In the public comments on the potential MOU with Egypt, it is remarkable that a number of coin dealers are asserting that coins ought not be protected because they circulated widely.  This is, of course, a strained argument to make in view of the fact that ancient Egypt famously had a closed currency system in both the Ptolemaic and Roman periods.  This does not mean that Egyptian coins are not found outside of Egypt - they are.  But the vast majority of Egyptian coins are found in Egypt.  One reason for Egypt's closed currency system may have been Egypt's need to retain silver since there were no silver resources in ancient Egypt; topography also isolated Egypt.  In fact, Egypt's closed currency system is perhaps the best-known instance of locally or regionally circulating coinage in the ancient world and it is widely discussed in both collector and scholarly literature.  A few examples include:


  • E. Christiansen, Coinage in Roman Egypt: The Hoard Evidence. (Aarhus: Aarhus University Press, 2004, 40-46, 98, 133, 136-137, 140-141. 
  • E. Christiansen, The Roman Coins of Alexandria: Quantitative Studies. (Aarhus: Aarhus University Press, 1988), 11.
  • J.W. Curtis, The Tetradrachms of Roman Egypt. (Chicago: Argonaut, 1969), ix-x. 
  • R.A. Hazzard, Ptolemaic Coins: An Introduction for Collectors. (Toronto: Kirk & Bentley, 1995), 71 et passim.    
  • J.G. Milne, Catalogue of Alexandrian Coins. (Oxford: Oxford University Press, 1933), xv-xvi.     
  • S. van Reden, Money in Ptolemaic Egypt. (Cambridge: Cambridge University Press, 2007), 33.

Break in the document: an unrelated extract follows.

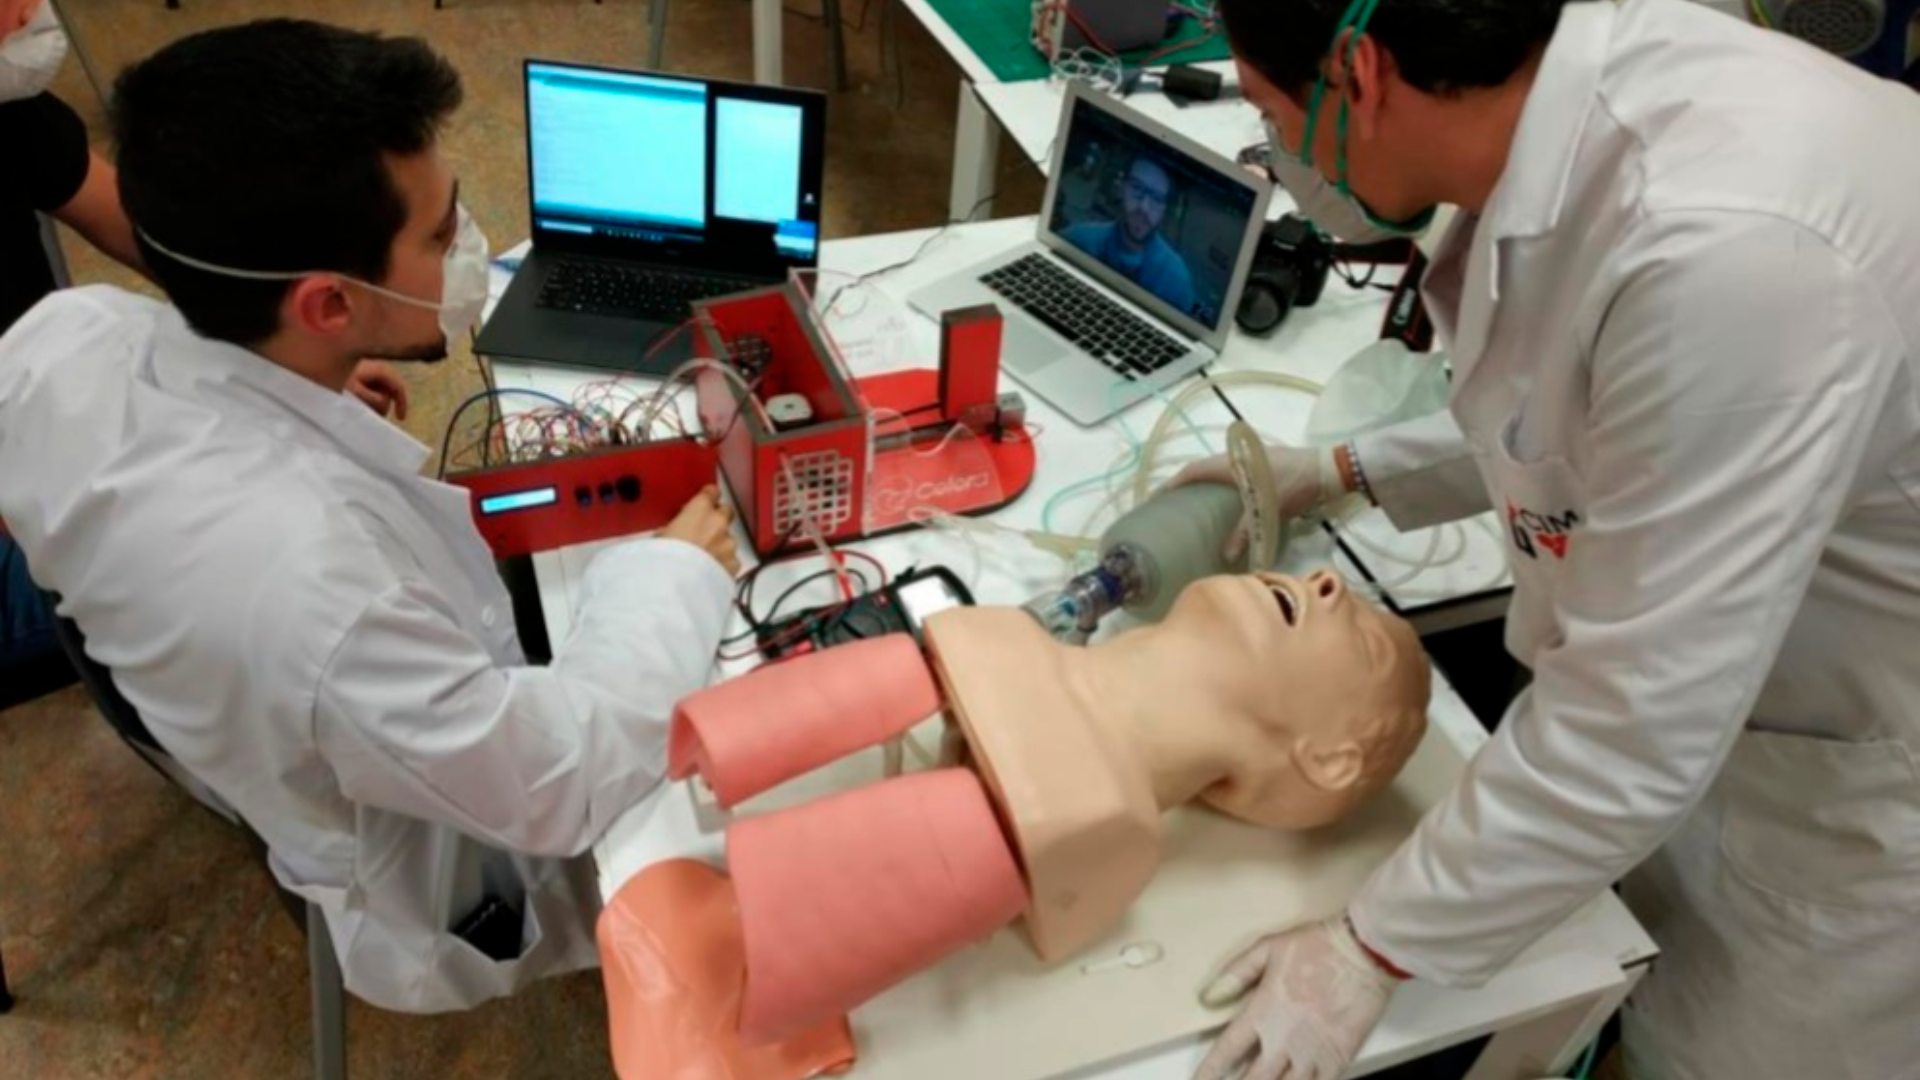 Médicos, ingenieros e informáticos españoles crean un nuevo respirador resistente y asequible

One popular book with ancient coin collectors, written in the 1990s , made note of Egypt's closed currency zone (W. Sayles, Ancient Coin Collecting IV: Roman Provincial Coins. (Iola, WI: Krause, 1998), page 87.).  The author of that book is Wayne Sayles, the executive director of the Ancient Coin Collectors Guild (ACCG), although he made reference to Egypt's closed currency zone before he founded and took on the leadership of the lobby group in 2004.  Interestingly, in his comments to CPAC concerning a potential MOU with Egypt, incongruous with what he wrote 16 years before, he proclaims: "Coins struck in Egypt during antiquity traveled widely then, and since then, as instruments of monetary exchange and of cultural interest."  He refers also to Peter Tompa's letter, which addresses examples of coins of Egyptian type found outside of Egypt and characterizes Egyptian coins as circulating widely (Tompa is the ACCG's attorney and lobbyist).  Both Sayles and Tompa overlook the fact that these foreign finds are exceptions, not the rule, and that the vast majority of Egyptian coins are found in Egypt, which had a closed currency system in the Hellenistic and Roman periods. 

Fortunately, the distinguished members of CPAC take account of the substance of comments and evidence presented to them during the period of public comment.